> _Data listing_:
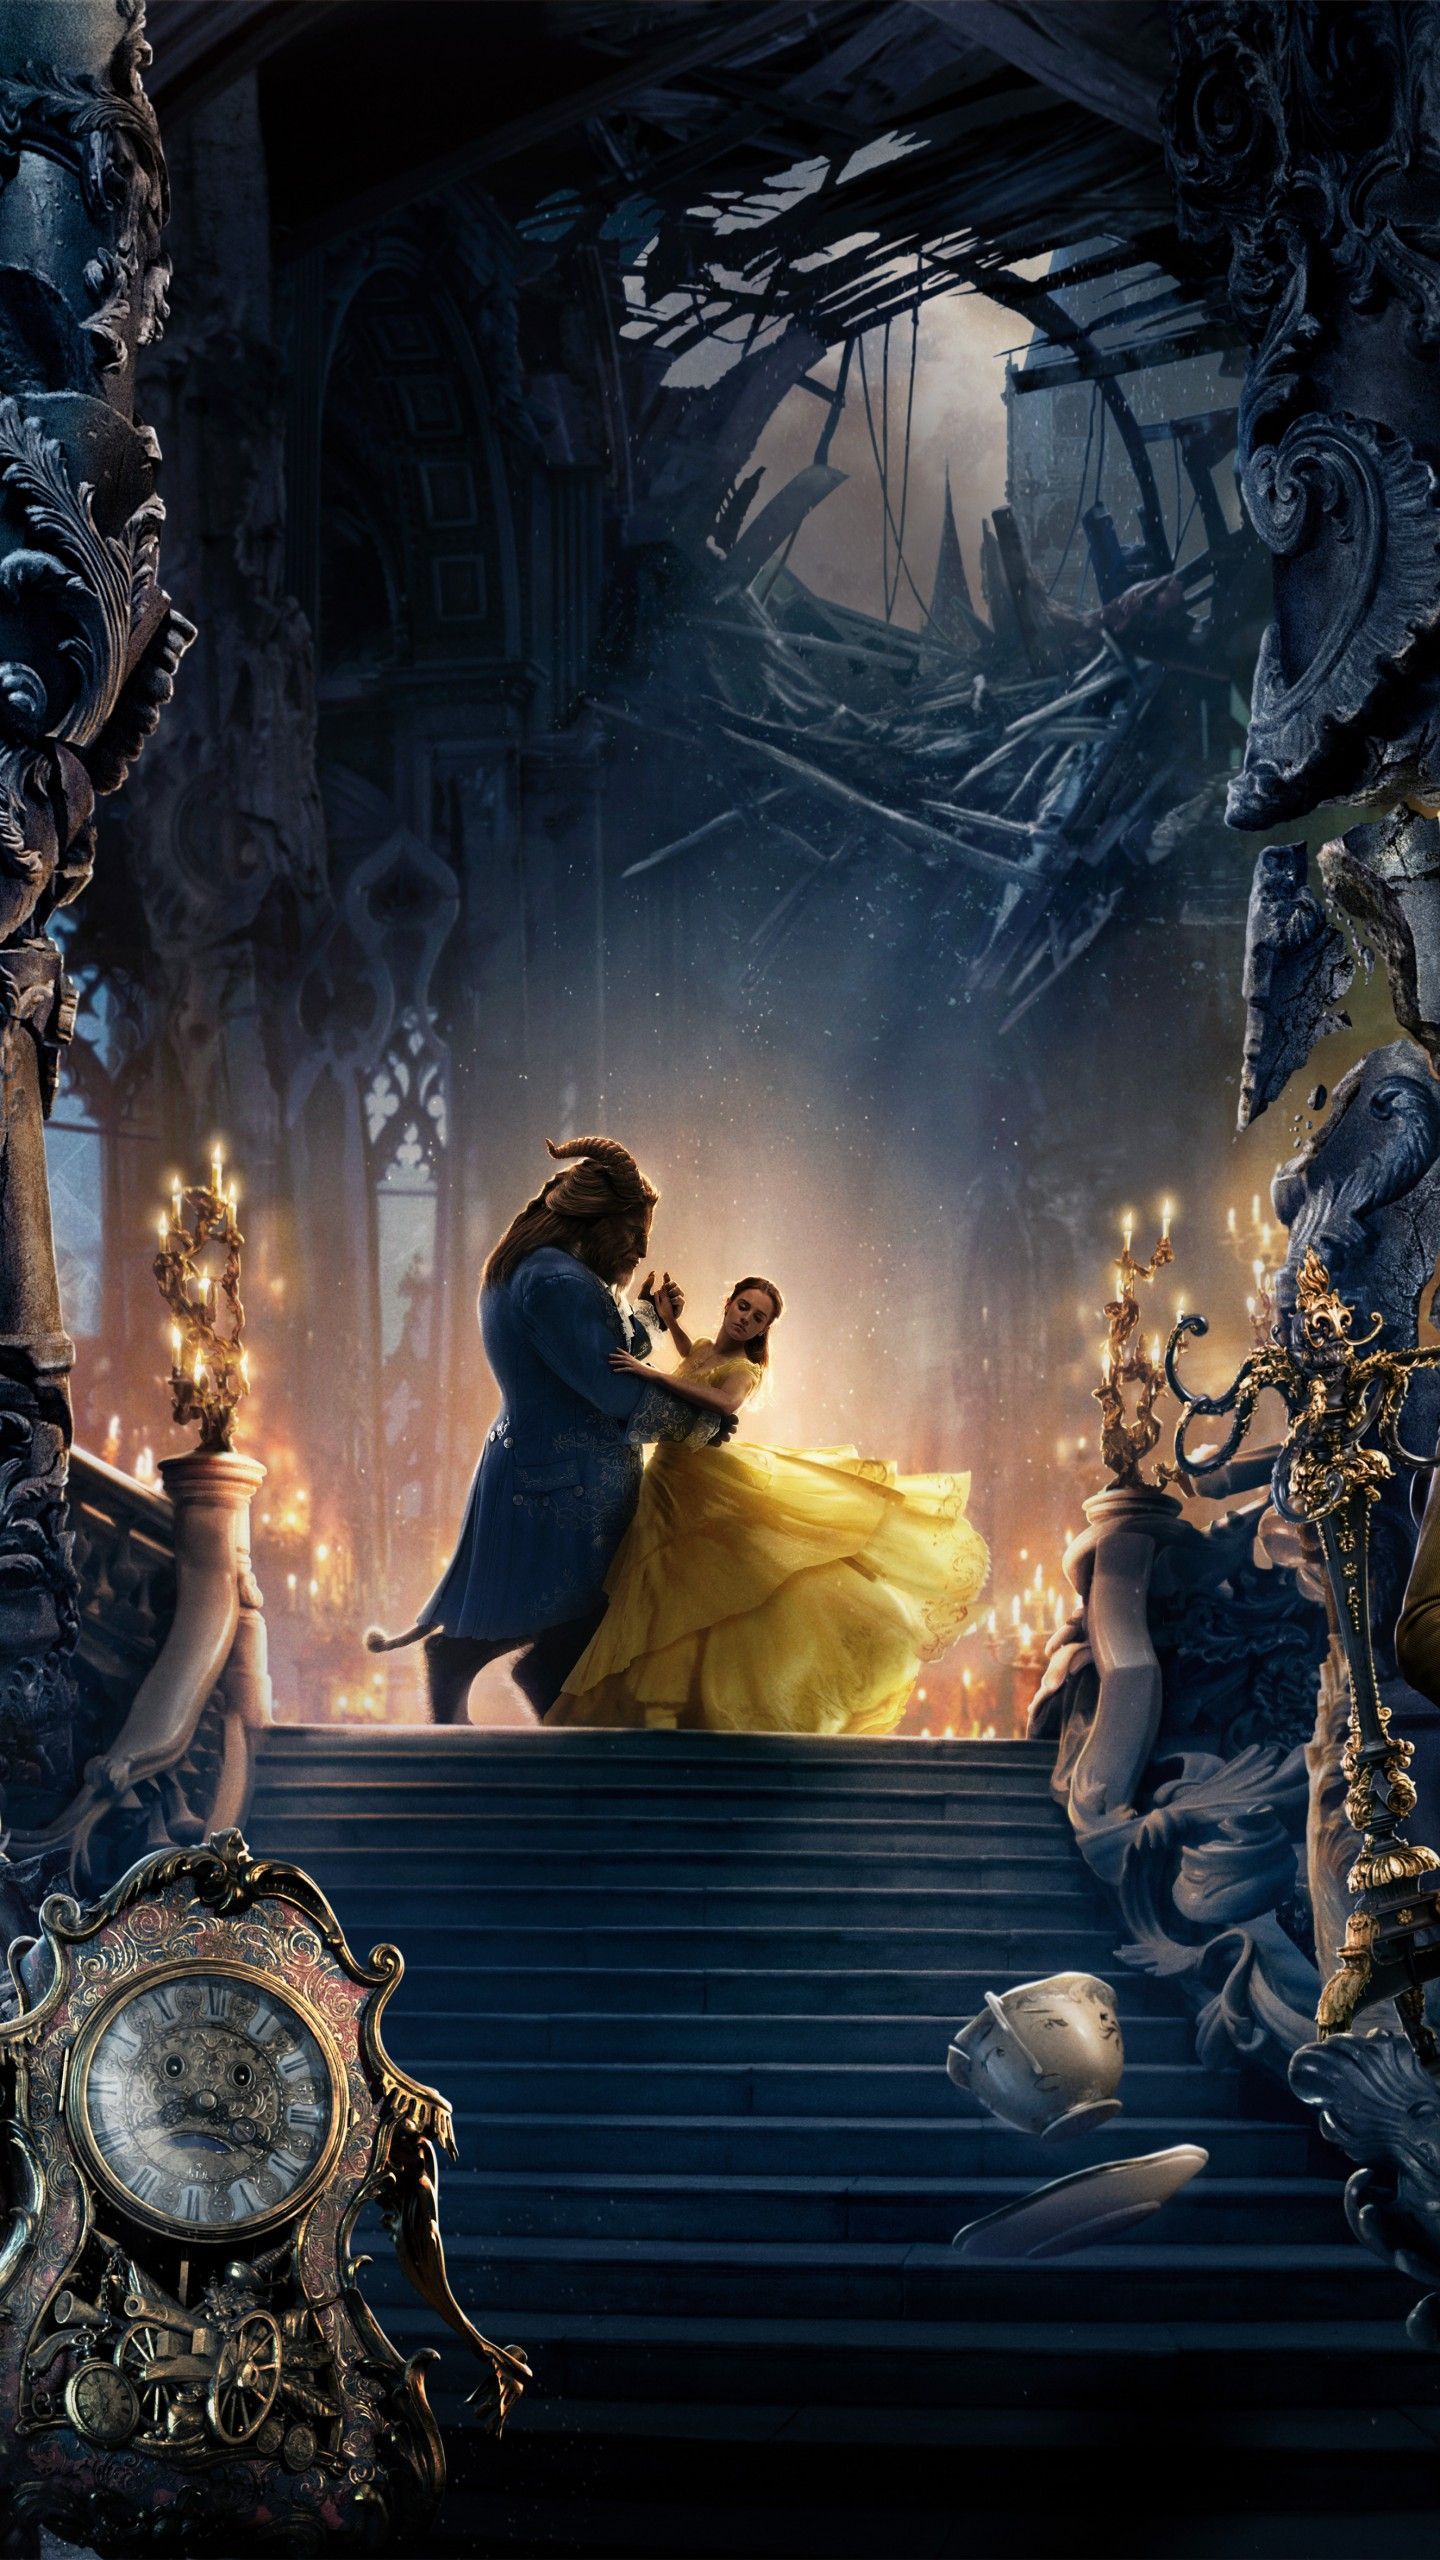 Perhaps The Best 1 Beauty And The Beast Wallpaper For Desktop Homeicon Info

* * *

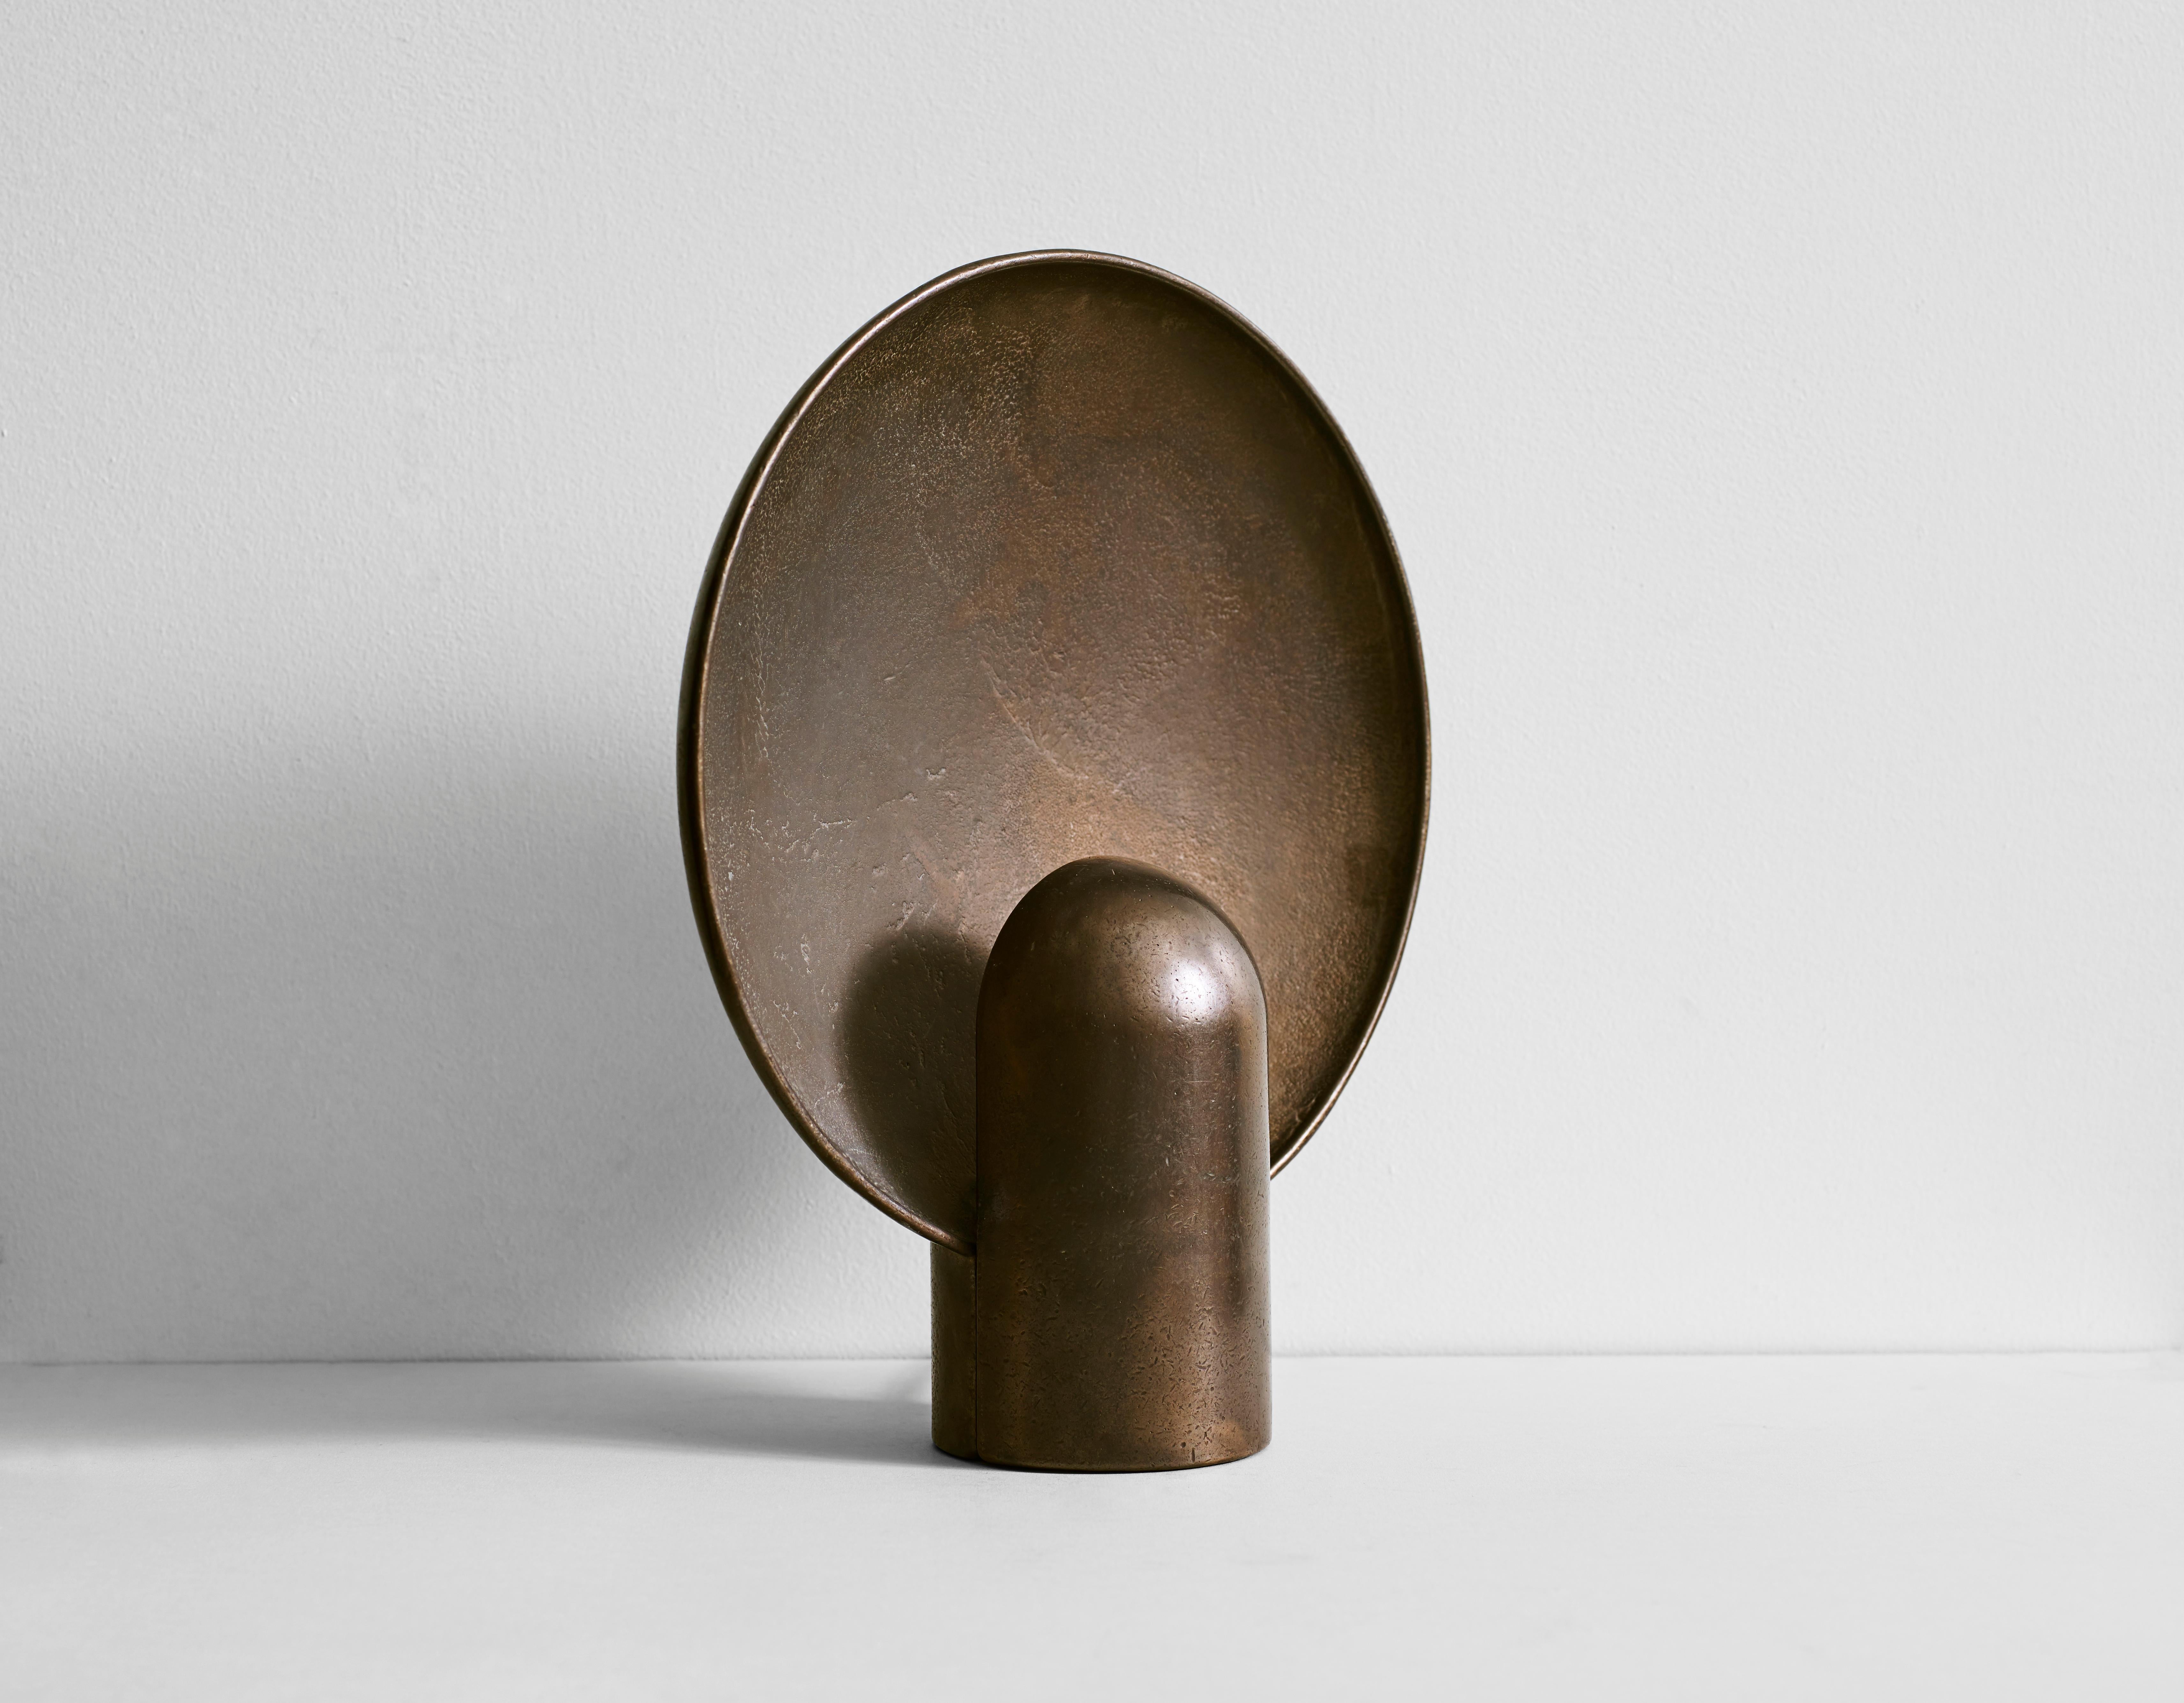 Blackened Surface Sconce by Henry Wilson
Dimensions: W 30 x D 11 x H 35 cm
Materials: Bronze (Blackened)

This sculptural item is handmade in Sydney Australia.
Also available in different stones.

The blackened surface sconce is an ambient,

--

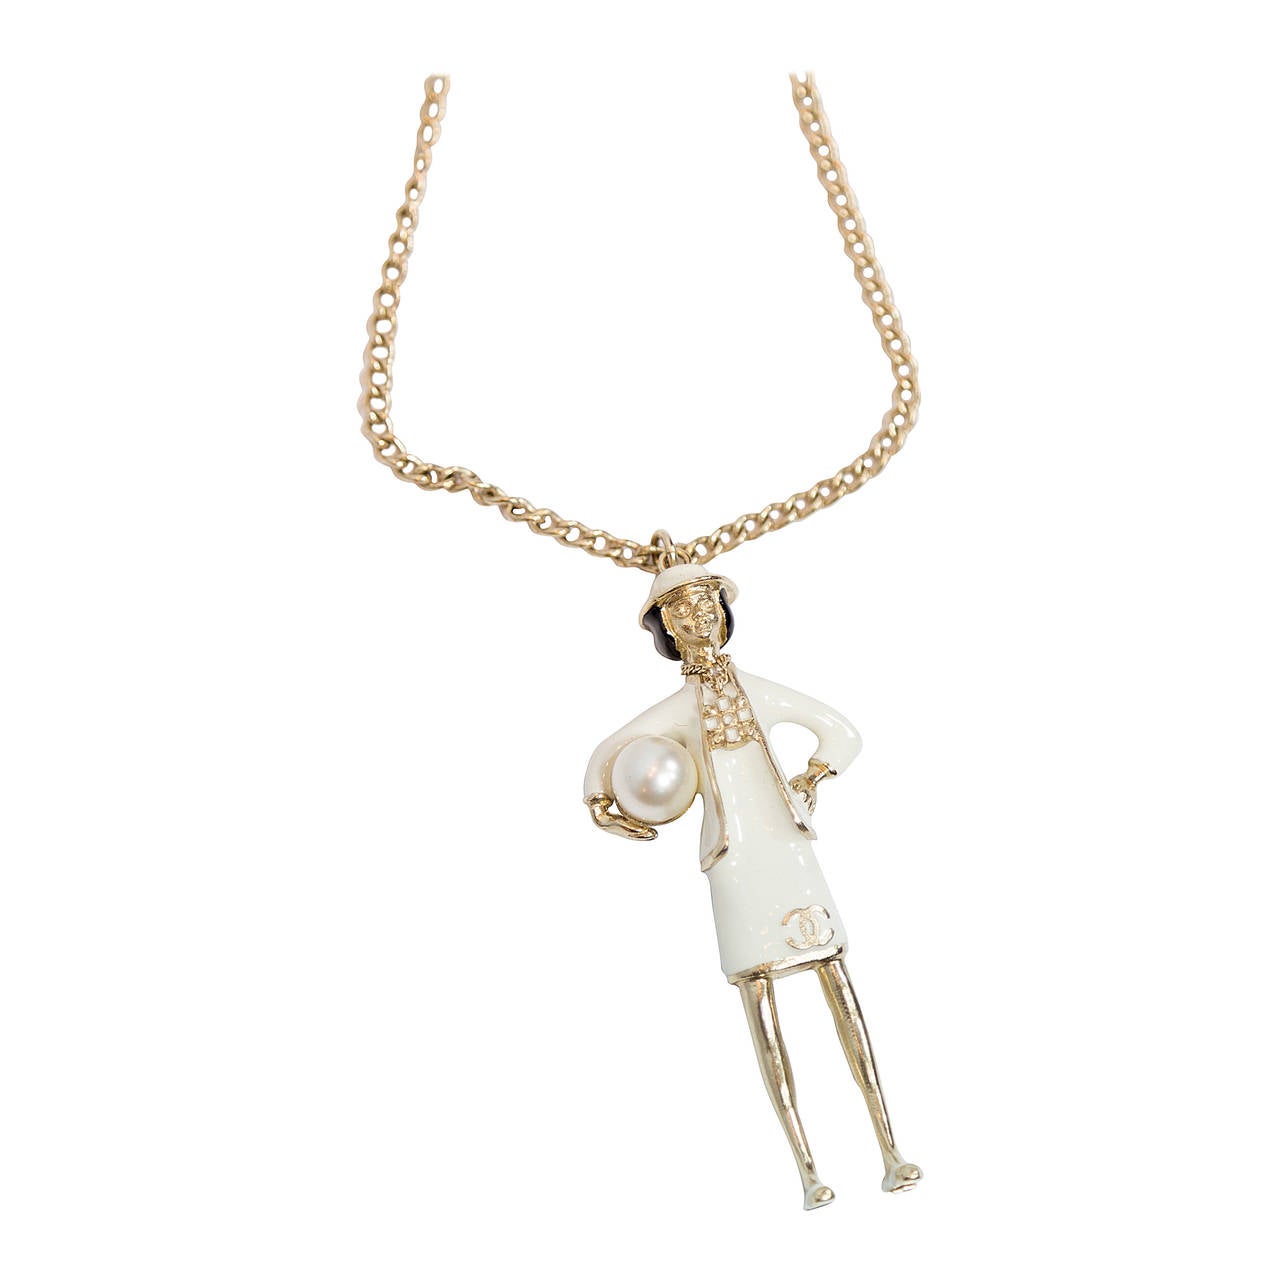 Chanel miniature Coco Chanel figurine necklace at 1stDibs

> _Work required_: Repeat exactly the lines above from the one with "This sculptural item" up to and including the one with "The blackened surface". No other line belongs in the reply.

> _Written solution_:
This sculptural item is handmade in Sydney Australia.
Also available in different stones.

The blackened surface sconce is an ambient,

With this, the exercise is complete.